- [What you should do]: Set down each line of the data below exactly as it stands, dropping the pictures.

Top of Data block

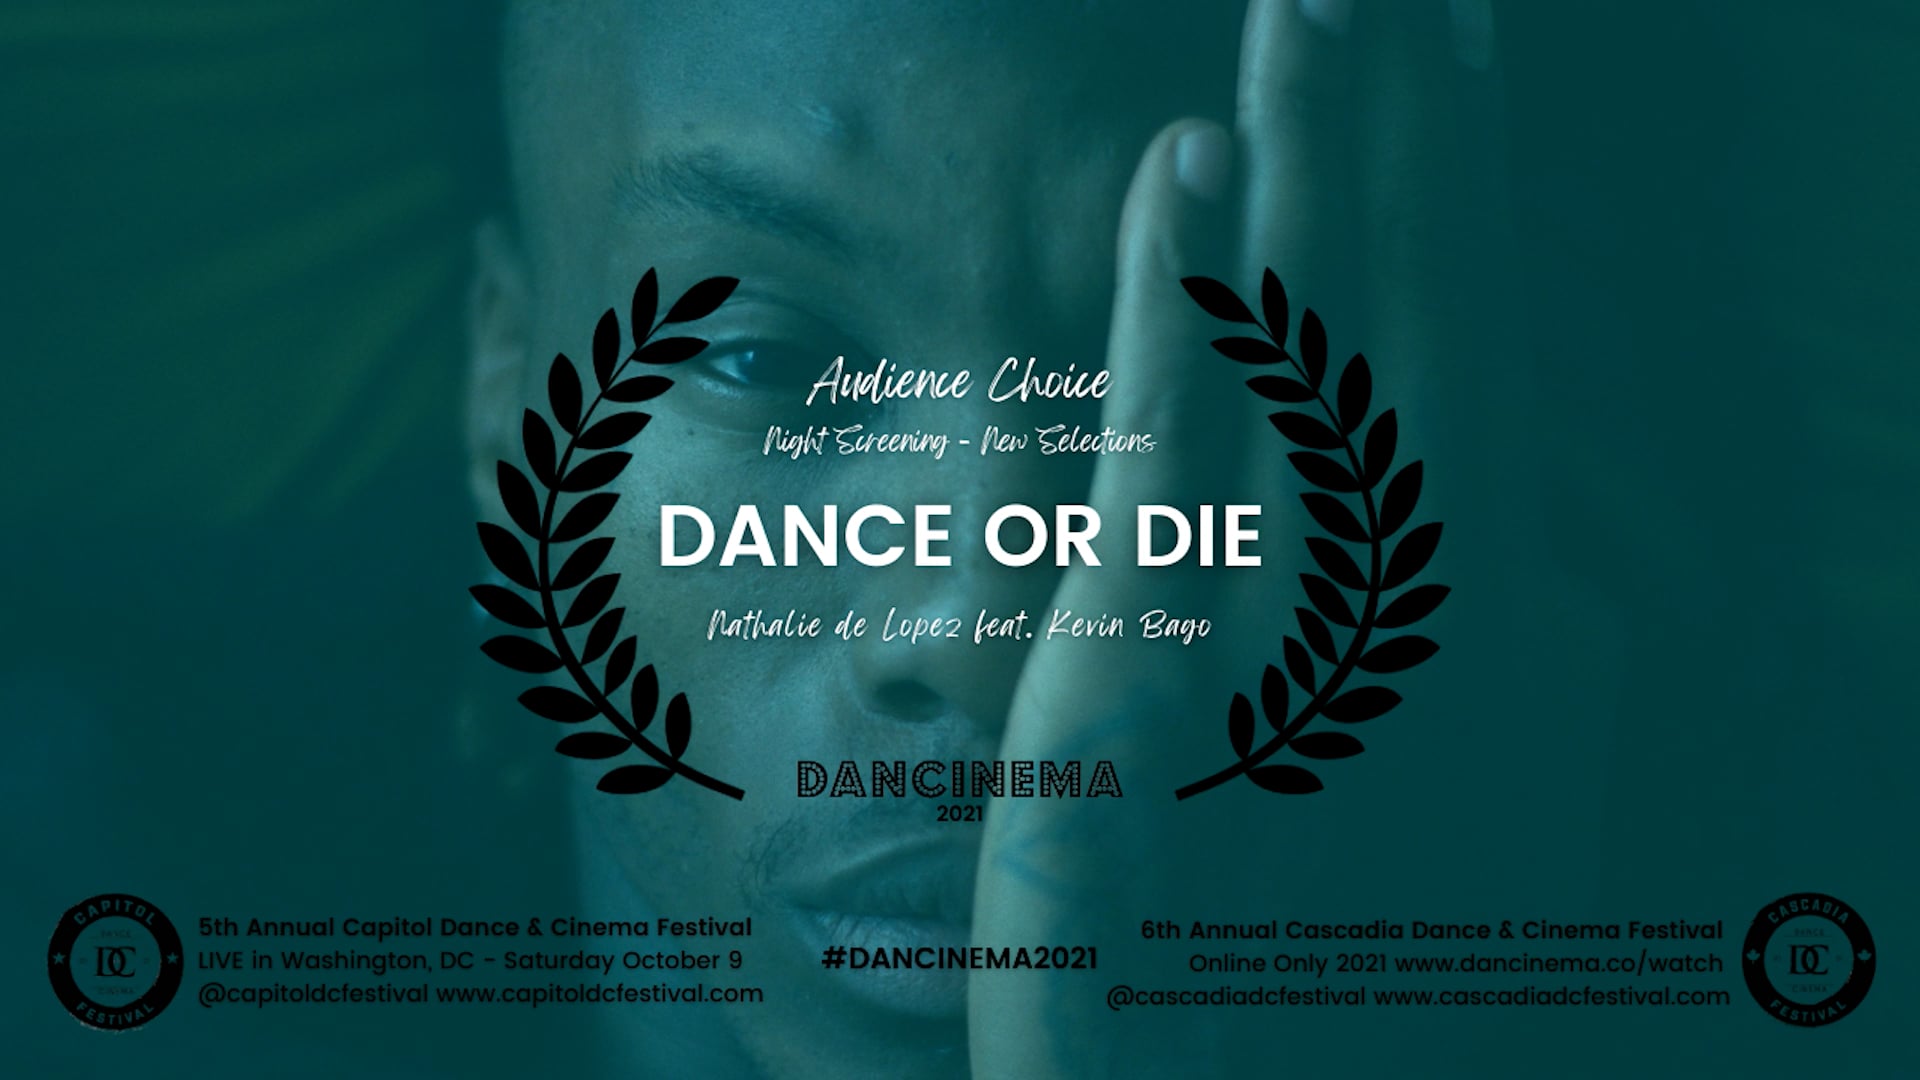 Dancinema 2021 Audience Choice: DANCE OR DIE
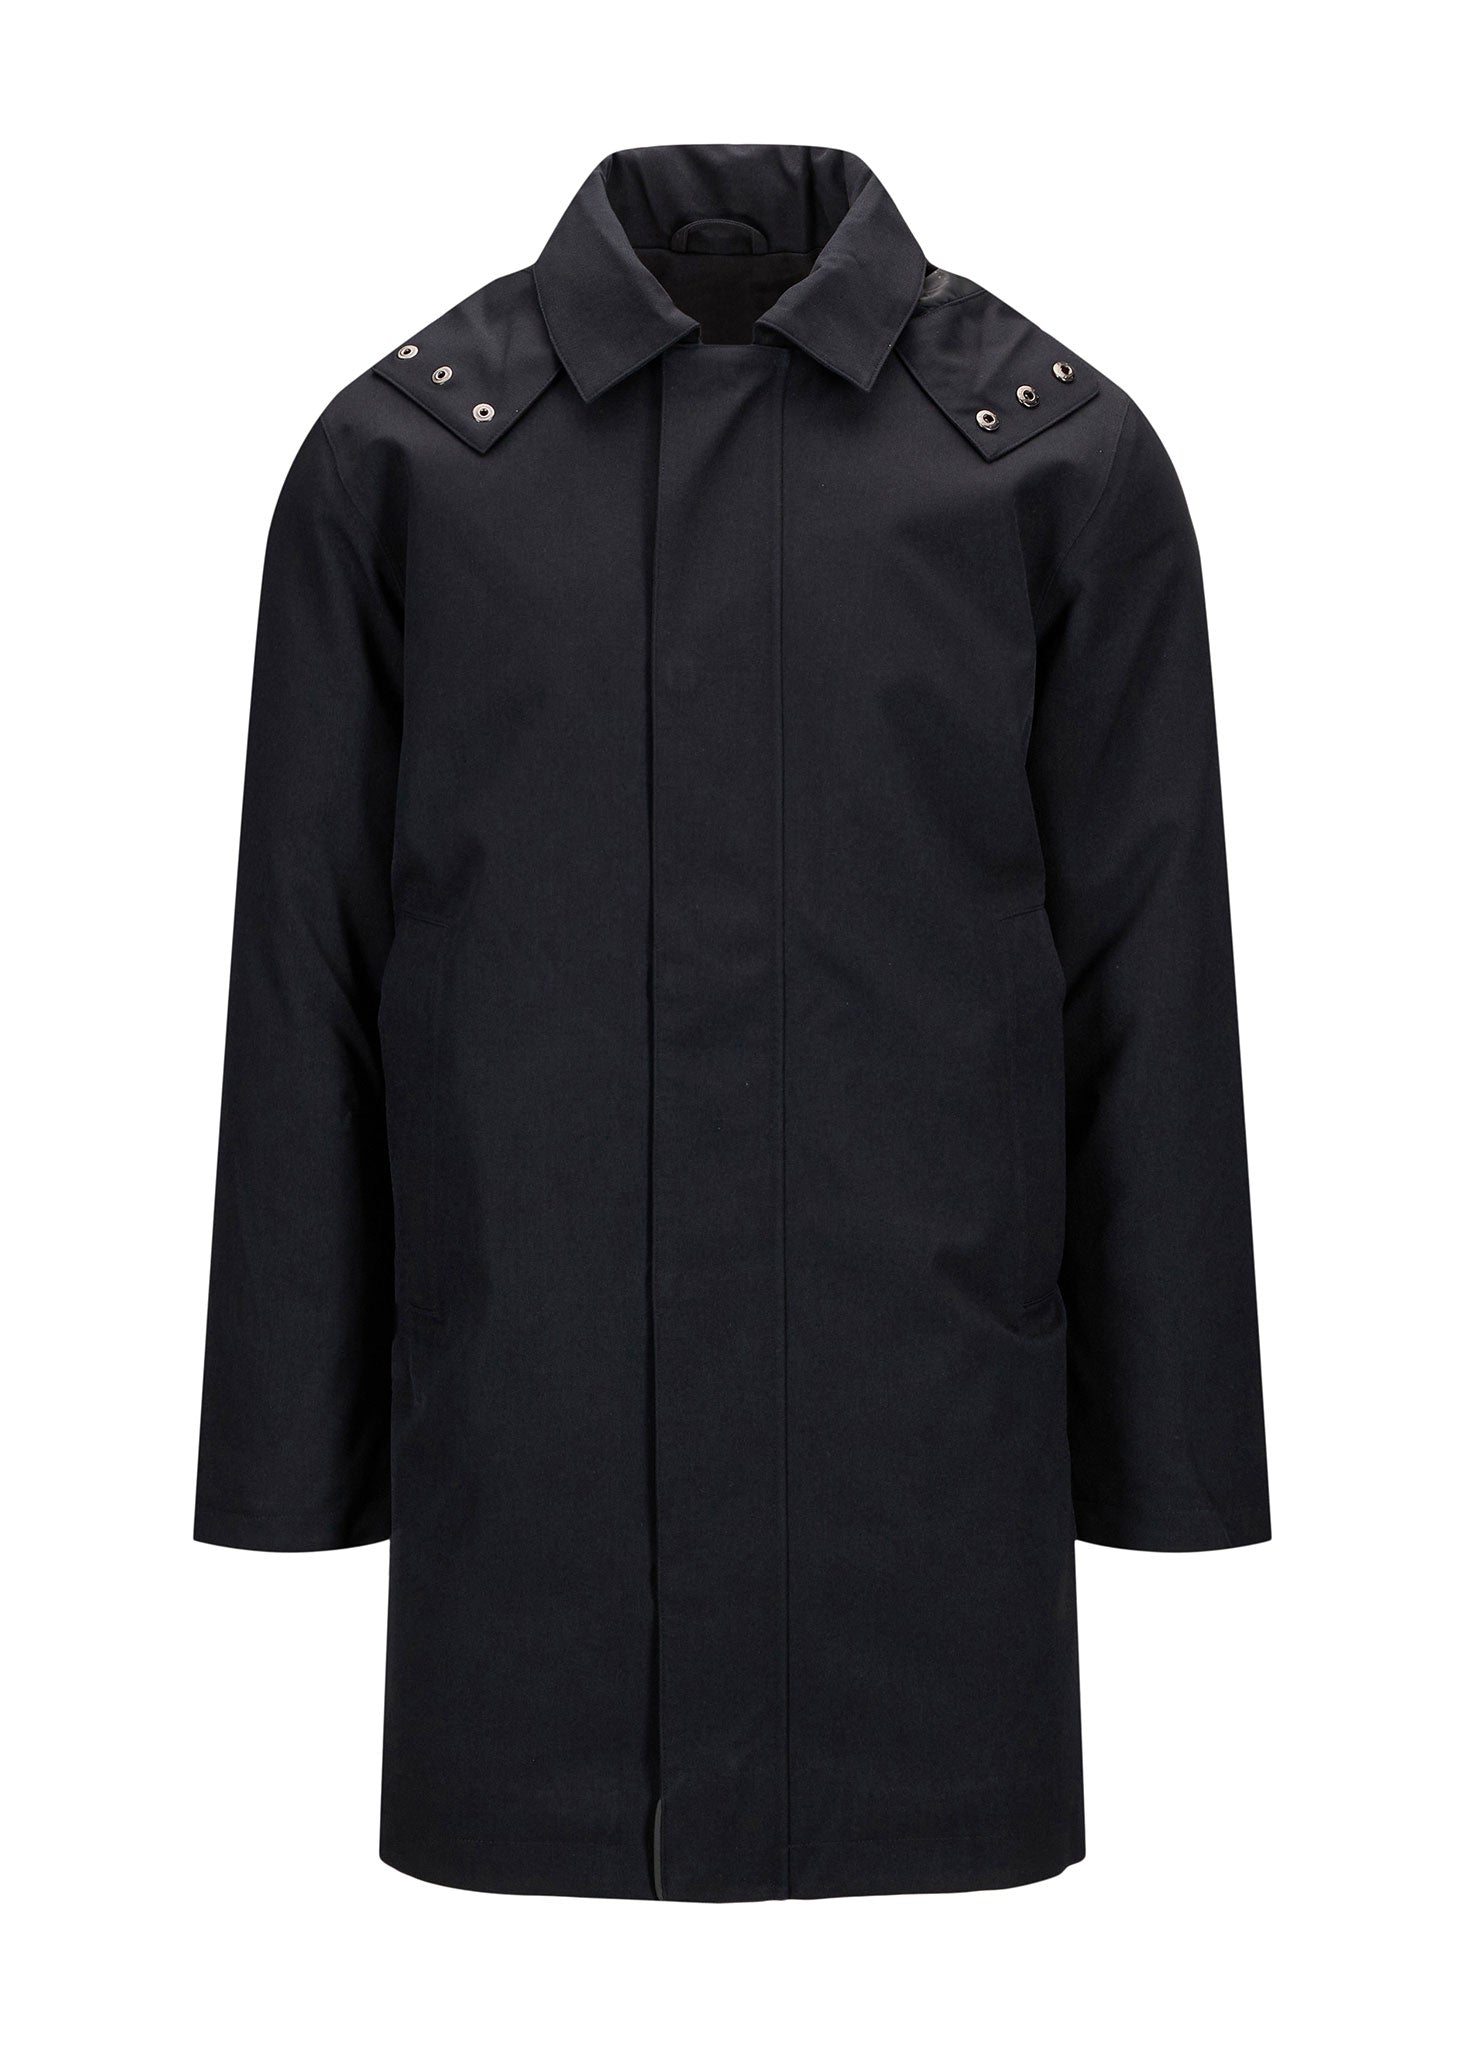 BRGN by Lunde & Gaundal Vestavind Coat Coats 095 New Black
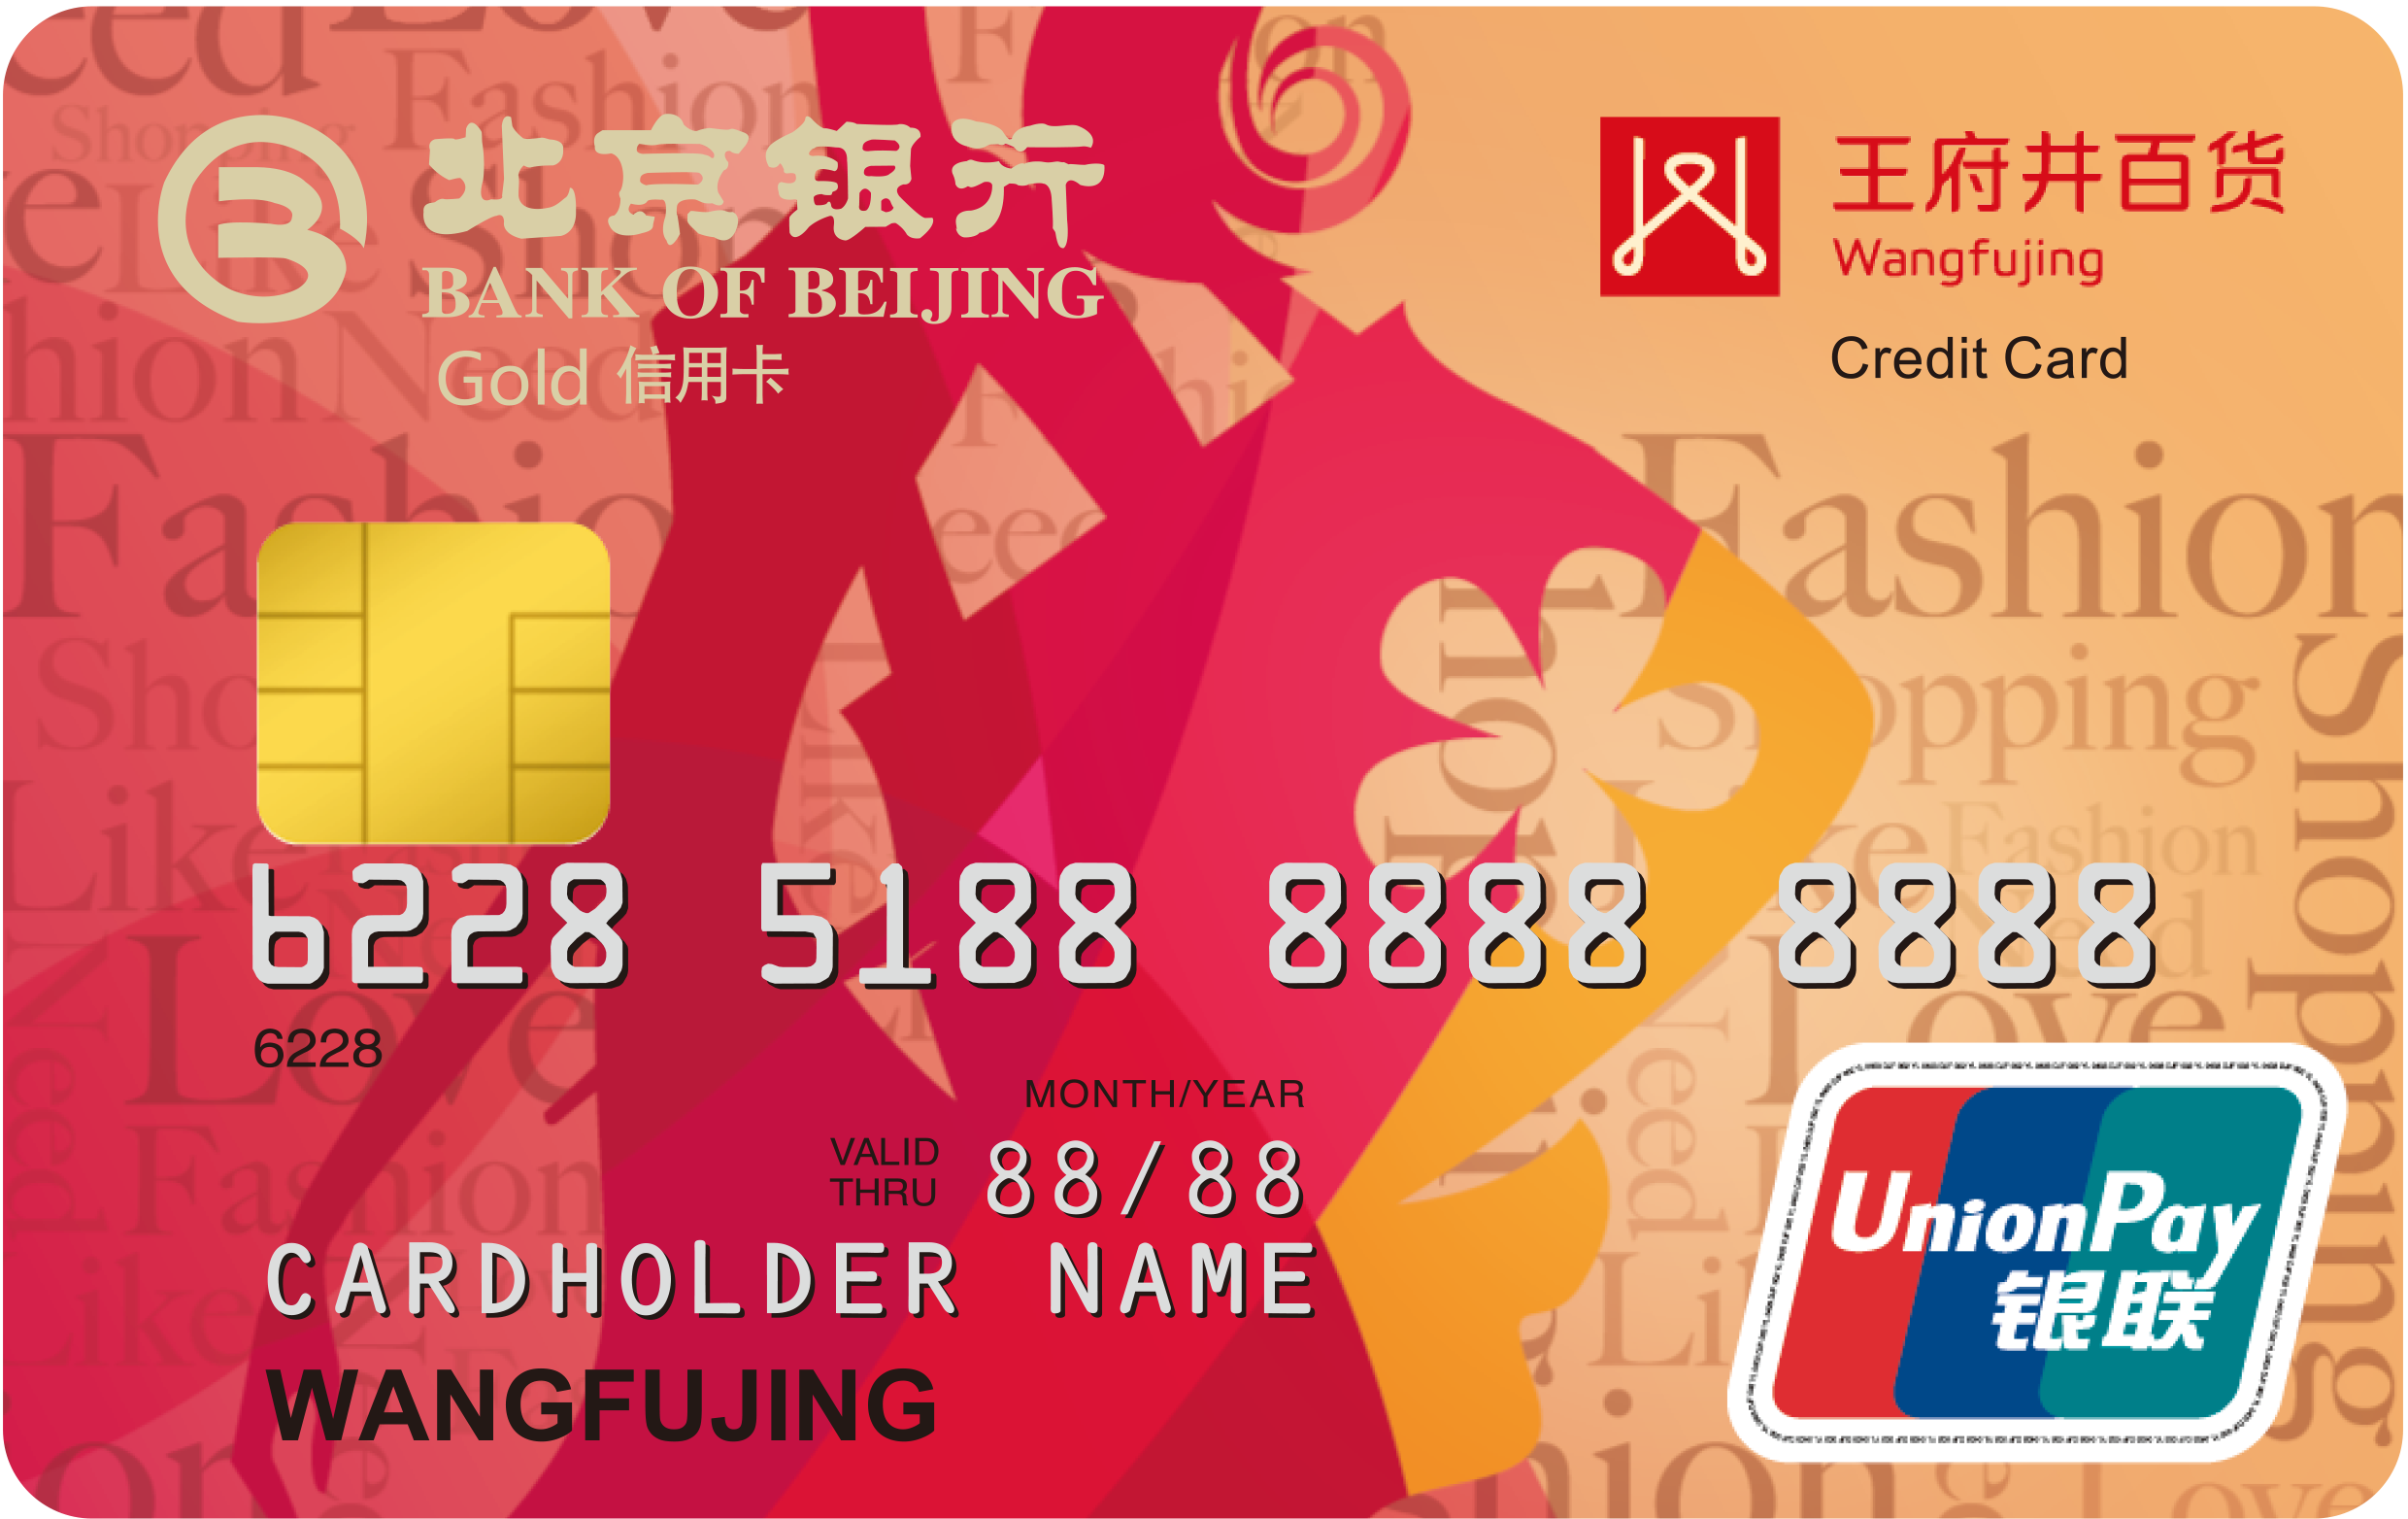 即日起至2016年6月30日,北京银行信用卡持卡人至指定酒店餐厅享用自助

Bottom of Data block

- [Result]:
 Dancinema 2021 Audience Choice: DANCE OR DIE
 BRGN by Lunde & Gaundal Vestavind Coat Coats 095 New Black
 即日起至2016年6月30日,北京银行信用卡持卡人至指定酒店餐厅享用自助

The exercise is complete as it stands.